View-based data masking
In this data masking technique, when a user requests data, based on the access rights of the user, a mask is applied and the user gets a “masked view” of the original data. The masked view is a virtual table. View-based dynamic masking is suitable in test environments where every test user may not have the same data privileges.
Proxy-based data masking
Proxy-based data masking is a newer method of dynamic data masking. In this model, all the data requests go through a proxy system, which runs the data masking as a service. An example of proxy-based masking is the data transaction between an application and a database. If the application issues too many queries for sensitive data like credit card numbers, the proxy system might mask the data. This is to protect the data in the event of hacking or any unauthorized access. In this model, the query result is substituted by the masked data. In a different implementation, the query itself is re-written to run against the masked data copy. The results are then selected from the masked columns of the database.
What are the challenges of data masking?
While the process of masking seems simple, a data masking system faces many challenges in making a meaningful, masked copy of production data.
Format preservation
The data masking system should understand what the data represents.

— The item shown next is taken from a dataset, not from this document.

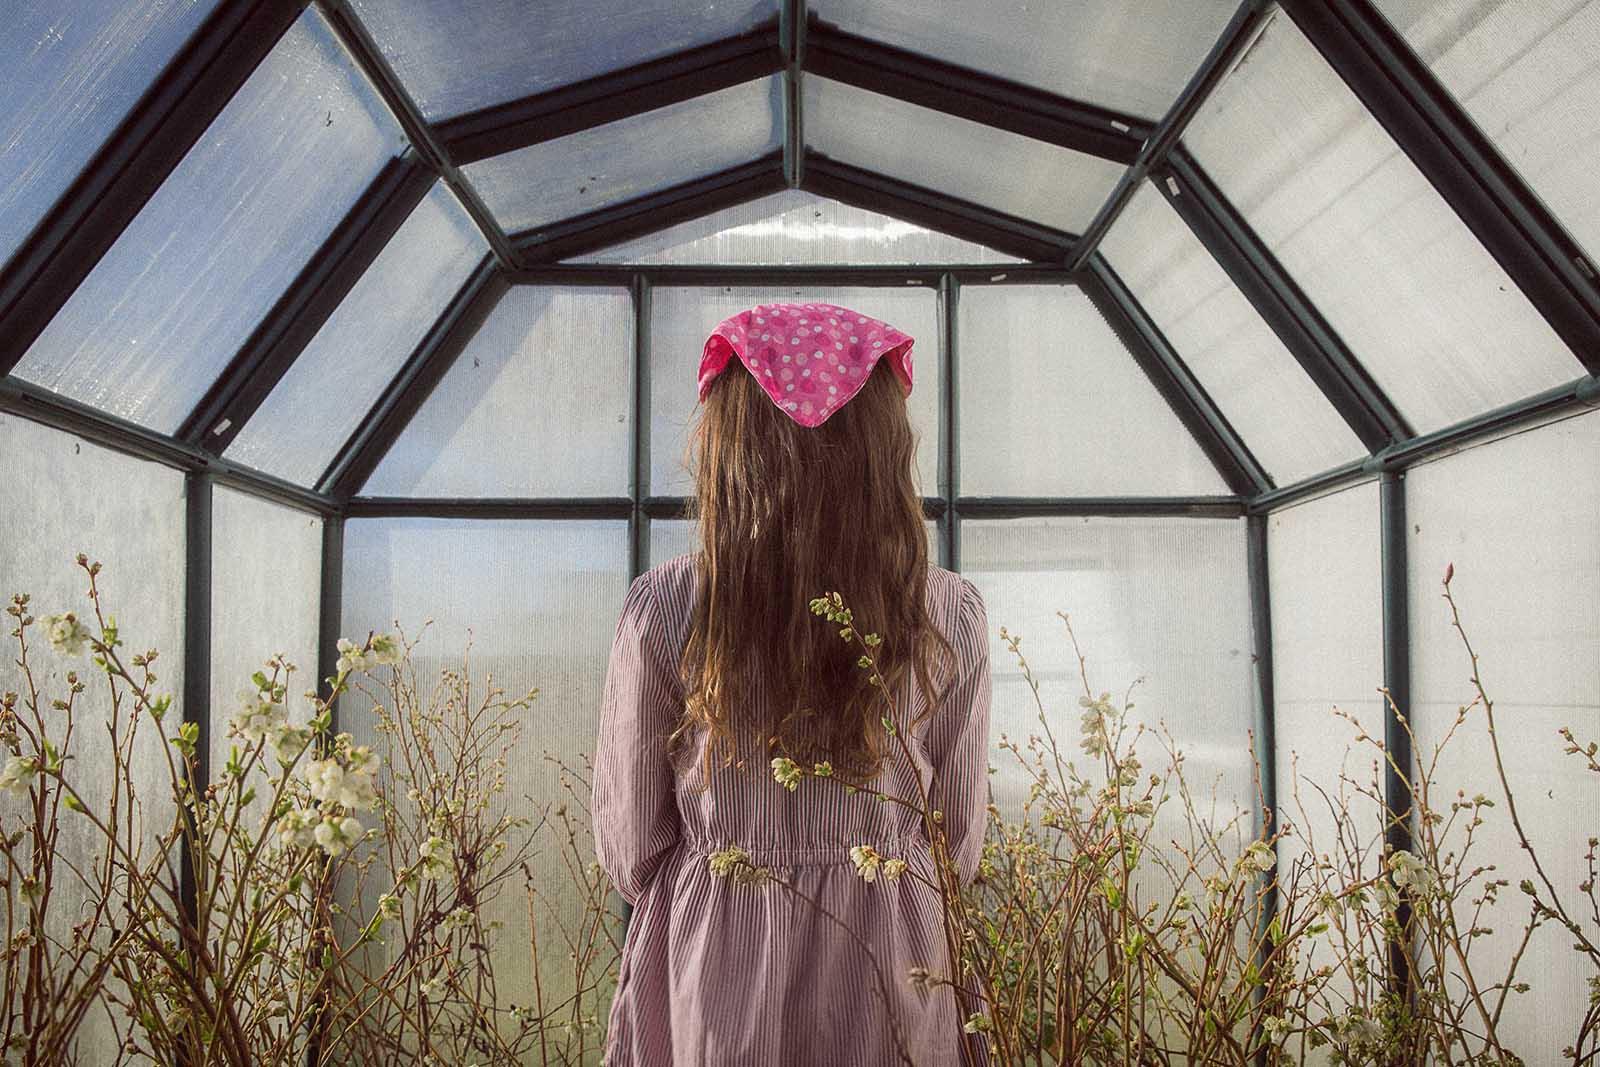 Zoe Mackenzie- Prolific female photographer

When replacing with inauthentic data, the masking system should preserve the format. This is particularly important for dates and strings of data where the order and format are essential.
Referential integrity
In a relational database, the tables are interconnected with primary keys. When the masking system scrambles or replaces the values of the primary key of a table, the same value should be consistently changed throughout the database.
Gender preservation
While replacing people’s names in a database, the masking system should be aware of male and female names. If the masking system randomly changes the name, the gender distribution in the table will be affected.
Semantic integrity
Most databases enforce rules about the range of permitted values. For example, there might be a range of salaries. The masked data should fall in this range to preserve the meaning (semantics) of the data.
Uniqueness
If the original data in a table is unique, the masking system should supply unique values for each data element. For example, if a table stores the SSNs of employees, after masking, each employee should still have a unique SSN.

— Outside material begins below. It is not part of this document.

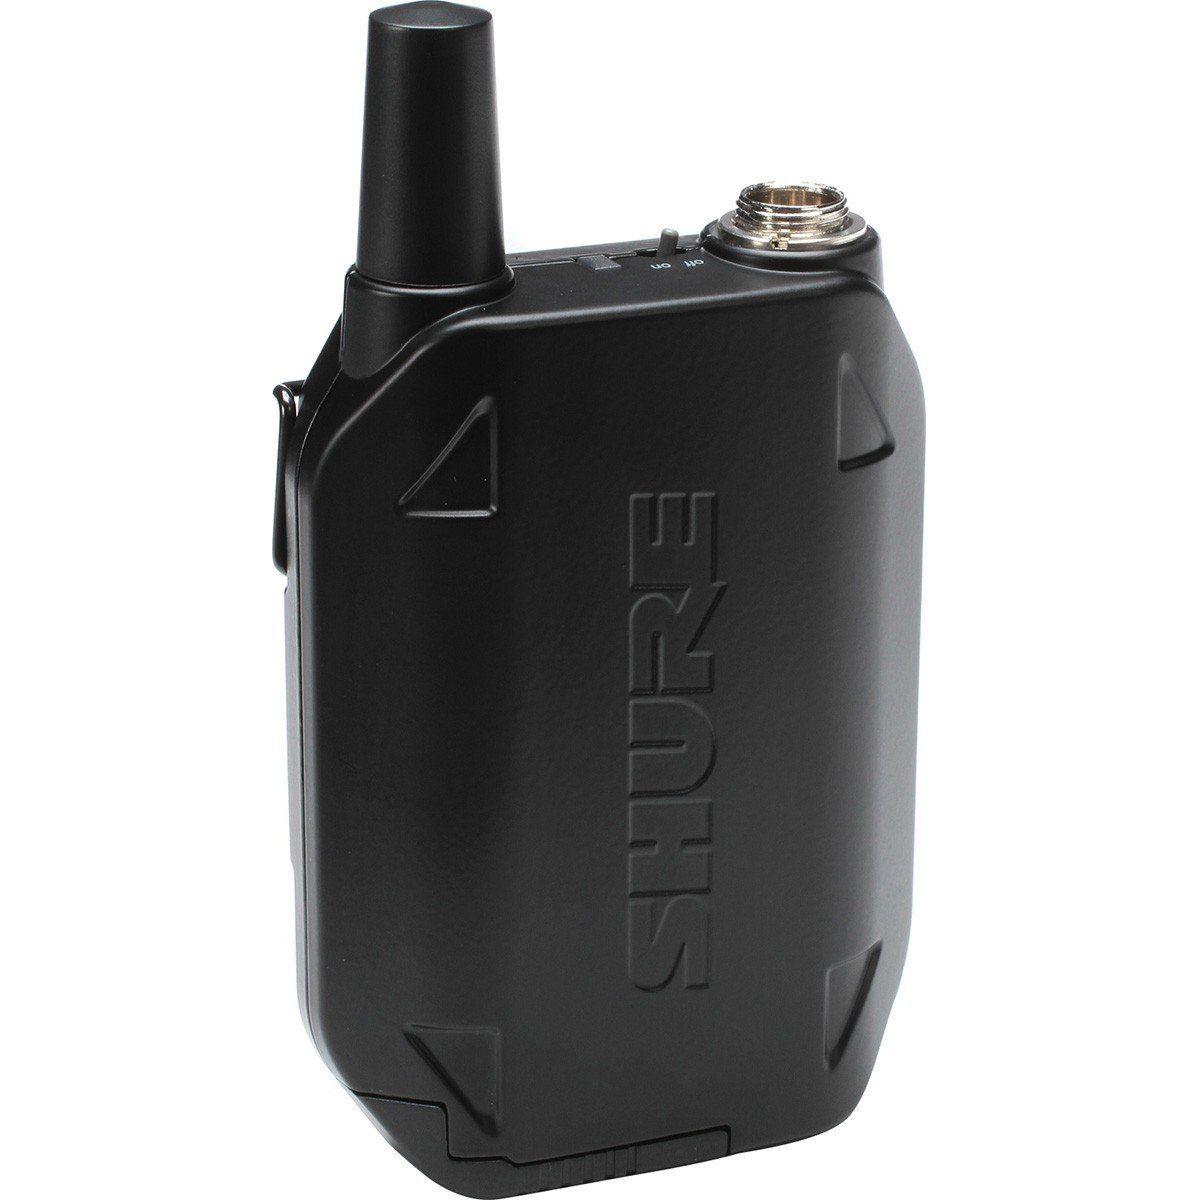 Shure GLXD14/PGA31 Microfone Sem fio Shure GLXD14-PGA31 para Performances ao Vivo

The masked data must retain any meaningful frequency distribution—for example, geographic distribution. The average value of columns in the masked data should also be close to the original data.
What are the benefits of data masking?
Protects against data security threats
Data masking is an effective solution for various data security threats like data leaks, hacking, insecure data interfaces, or intentional data misuse.
Allows business data to be used for testing
Data masking lets companies use valuable business data for testing and training purposes, without having to worry about leaking original data.
Allows information sharing
Organizations can outsource their data-related tasks and provide production data to third-party vendors.
Preserves data format and structure
Data masking preserves the structure and format of the original data, which makes it an ideal technique to assist non-production procedures and research.